- Catcher
- Born: May 1, 1979 (age 45) Appleton, Wisconsin, U.S.
- Batted: RightThrew: Right

MLB debut
- October 3, 2004, for the New York Mets

Last MLB appearance
- October 3, 2004, for the New York Mets

MLB statistics
- Games played: 1
- At Bats: 0
- Stats at Baseball Reference

Teams
- New York Mets (2004);

= Joe Hietpas =

American baseball player (born 1979)

Joseph Carl Hietpas (born May 1, 1979) is a United States former Major League Baseball player. Hietpas attended Northwestern University, Illinois.

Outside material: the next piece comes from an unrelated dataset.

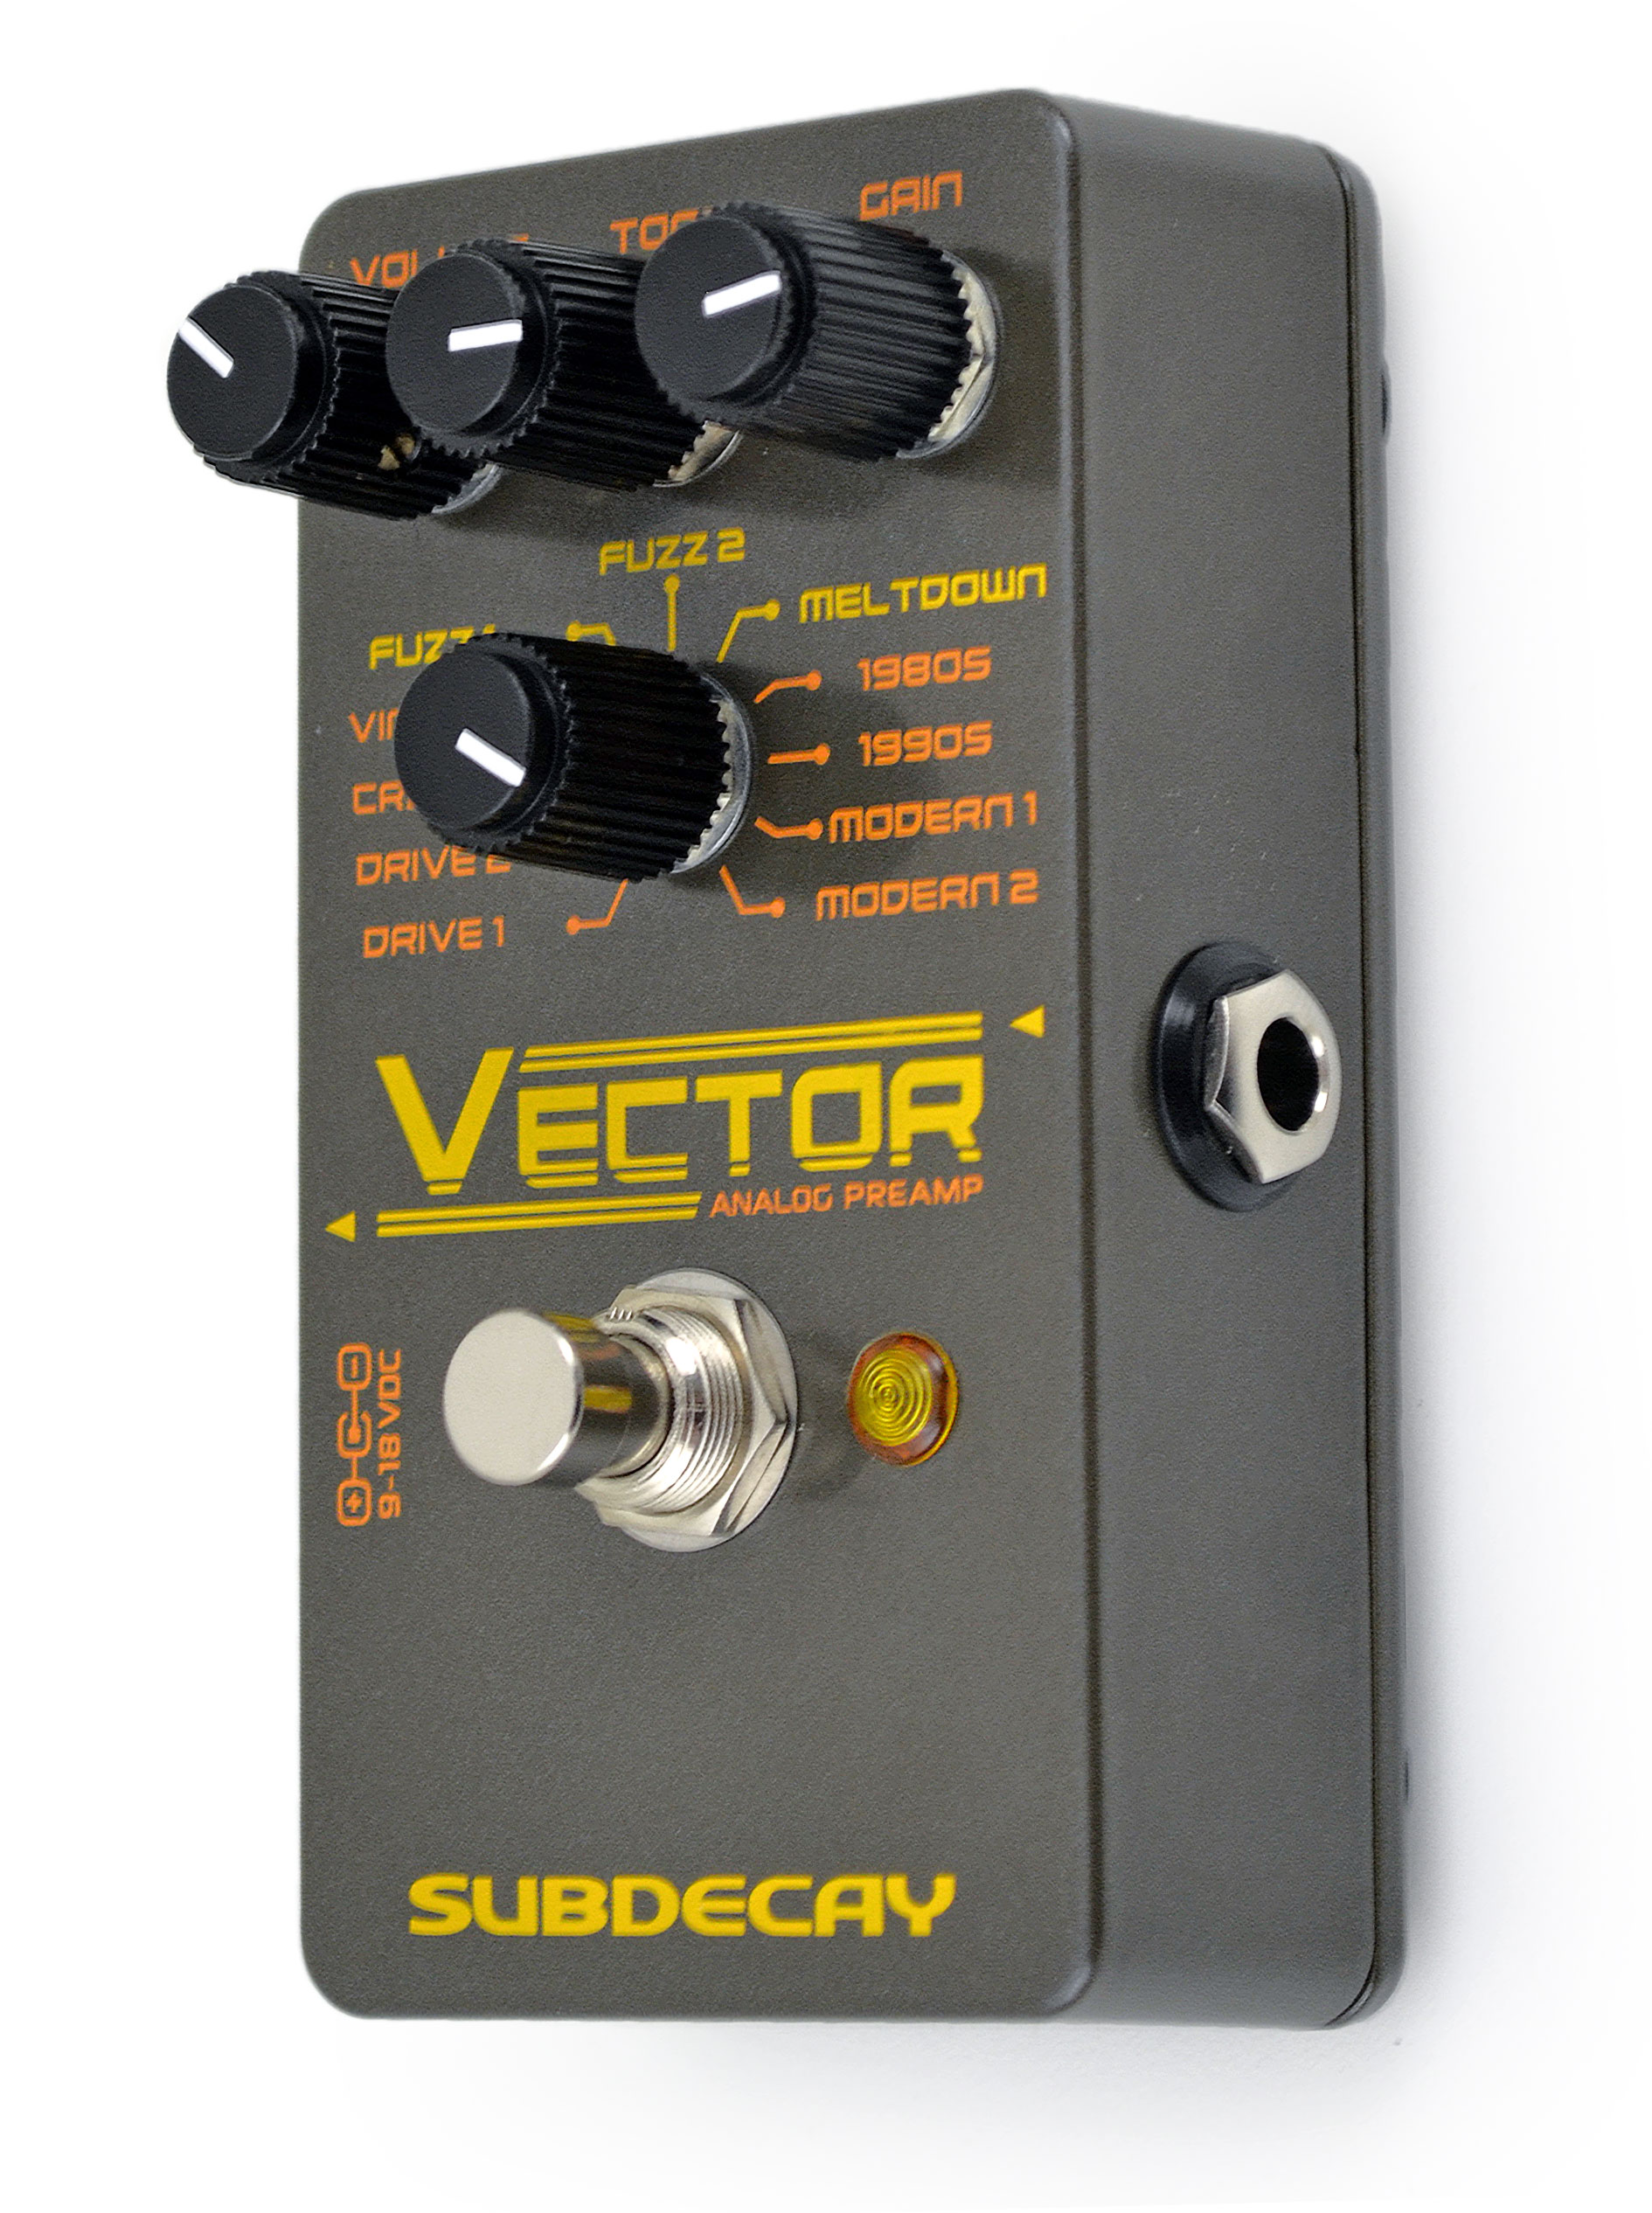 Vector-preamp-1 - Guitar Effects - Subdecay

In 2004, Hietpas was called up to the New York Mets once the roster expanded in September. He suffered an injury during batting practice one day, which forced him to be able to only play in one game, October 3, 2004, against the Montreal Expos. He came into the game as a ninth inning substitute for Todd Zeile. Because the Mets won the game, 8–1, the bottom half of the final inning was never played, and Hietpas did not receive an at-bat. In that game, he was a catcher, but after the 2006 season, converted to pitcher.

In 2007, he appeared in 27 games and had a 2.47 ERA for the High-A St. Lucie Mets. Hietpas played his final season of baseball for the Double-A Binghamton Mets in 2008. He later became a real estate lawyer based in St. Louis, Missouri.